Special Symposiums

Impact of Generic Drugs on Health Care

As a forced consumer of generic drugs, I am always concerned about the bio-availability and the bio-equivalence of generic drugs. This question is becoming more and more important after we are bombarded with the news that India has the largest number of FDA approved pharmaceutical companies other than USA. A number of questions crop up in my mind. Who will monitor the BA/BE of the generic drugs manufactured in India? Will it be left to the Pharma companies in India to do their own monitoring of the standards? Will they be mandated to get a second validation done at some point before they hit the American market? US FDA has a well established generic drug review process in place (www.fda.gov/cder/handbook/anda.htm). One can voice their concerns to Timothy W. Ames at amest@acder.fda.gov

In addition to the problems related to QA issues there are concerns about how effective are these generic drugs? According to some experts, although it is lead to believe that all heparins are equal, some seem to be more equal than others. Heparins in clinical use differ considerably, depending upon the method of preparation, molecular weight distribution and pharmacodynamic properties. Currently available low molecular weight heparins (LMWHs) include, dalteparin (Pfizer) enoxaparin (Sanofi-Aventis) and tinzaparin (Pharmiom). At present no guidelines are available to address these issues related to clinical use of generic drugs. During the SASAT 2006 conference in Bangalore, we will address these issues and provide a platform to generate the much needed guidelines.

Control of Surgical Bleeding by topical applications

There is considerable interest in developing a suitable topical patch or a plug for controlling surgical bleeding or post procedure bleeding. Depending on the type of wound created by the procedure various types of topical applications may be needed for the control of bleeding. Several topical applications include thrombin as one of the components for initiating the contact activation of the coagulation process. There is considerable interest in the use of fibrinogen and fibrin based composition in these topical preparations. there are some preparations with collagen based formulations. One of the recent introductions into this market is a mechanism which uses shear force for activation of the coagulation pathway instead of using any pro-coagulants, substrates or agonists. During the SASAT 2006 conference in Bangalore, we will address these issues and provide a platform to generate additional information on this subject.

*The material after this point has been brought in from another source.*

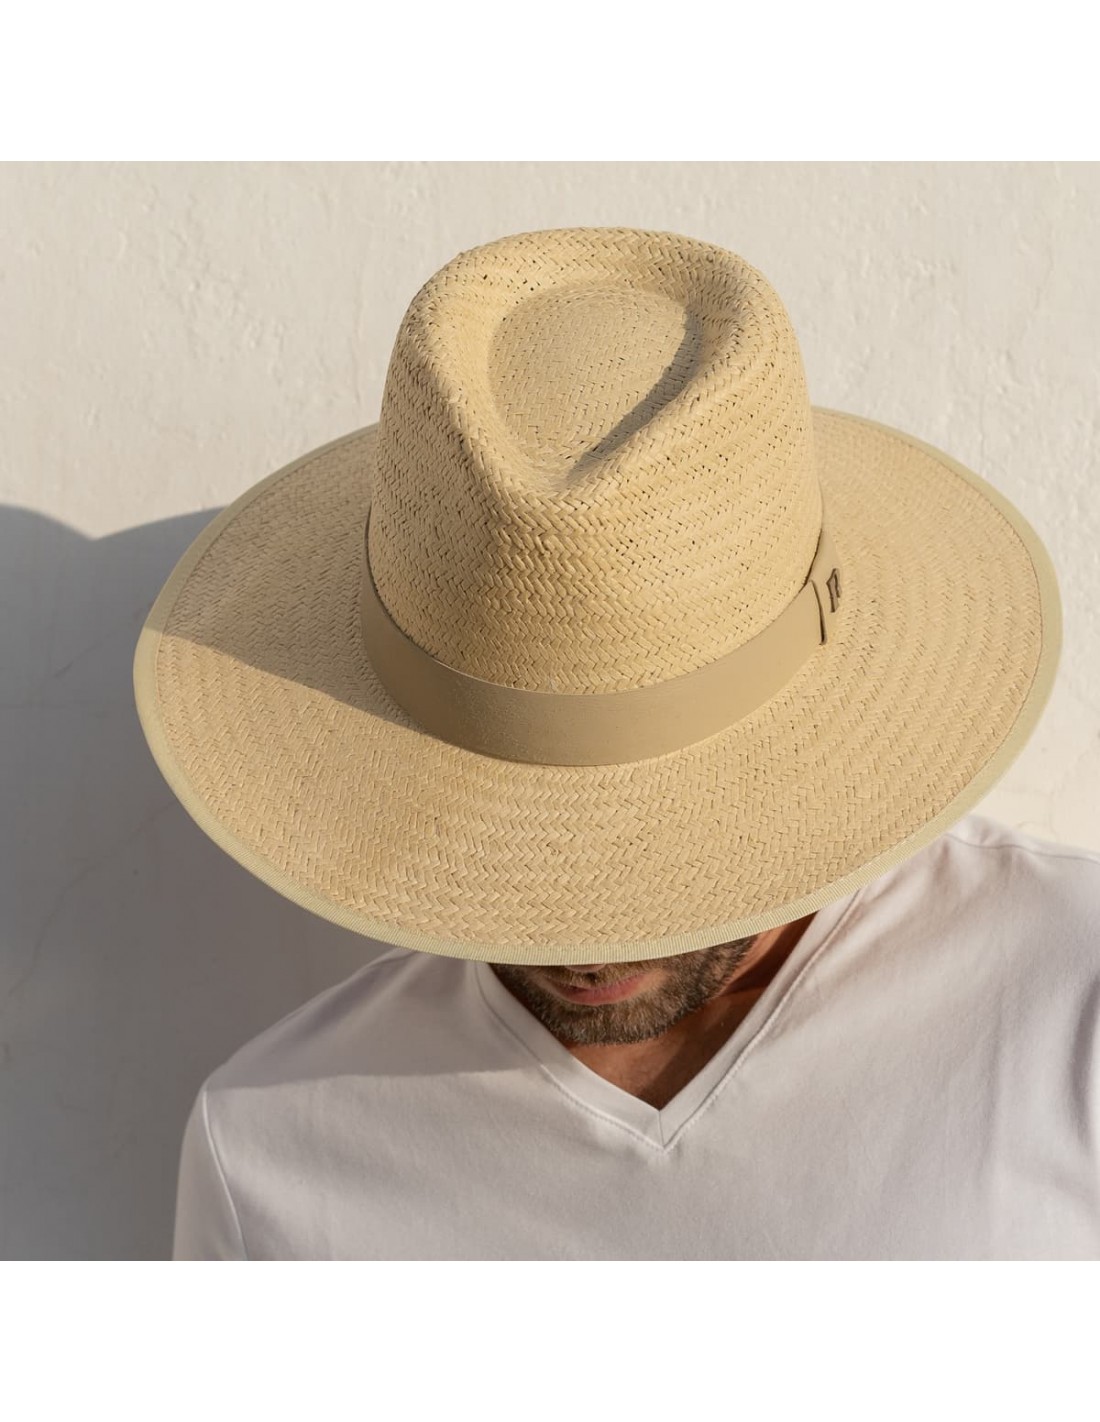 engañar libertad calor Sombrero Paja Florida en color Beige Hombre - Estilo Fedora - Raceu Hats

Drug Interactions and Development of Drug Resistance

Aspirin as a therapeutic drug has been in use for over one hundred years. Its use as an anti-platelet drug was recognized in the early 70's. For secondary prophylaxis of vascular disease, it is the most useful and cost-effective drug. A Large number of clinical trials using aspirin have concluded that aspirin at any given vascular risk, low to medium dose of aspirin (80 - 100mg), is as effective as any other drug of choice. However, in recent years, there are several studies in which aspirin resistances in patients with various vascular diseases have been demonstrated. Furthermore, some studies have suggested worst outcome in aspirin non-responders. Therefore, there is a great need to develop specific and rapid assays that could detect the prevalence of aspirin resistance in patient populations so those found to be non-responders might be provided an alternate treatment regimen. Similarly there are occasional reports about resistance to Clopidogrel. In view of these observations, during SASAT 2006 conference, we will provide a platform to discuss the issues related to drug interactions in general and address issues related to resistance to anti-platelet drugs such as aspirin and clopidogrel.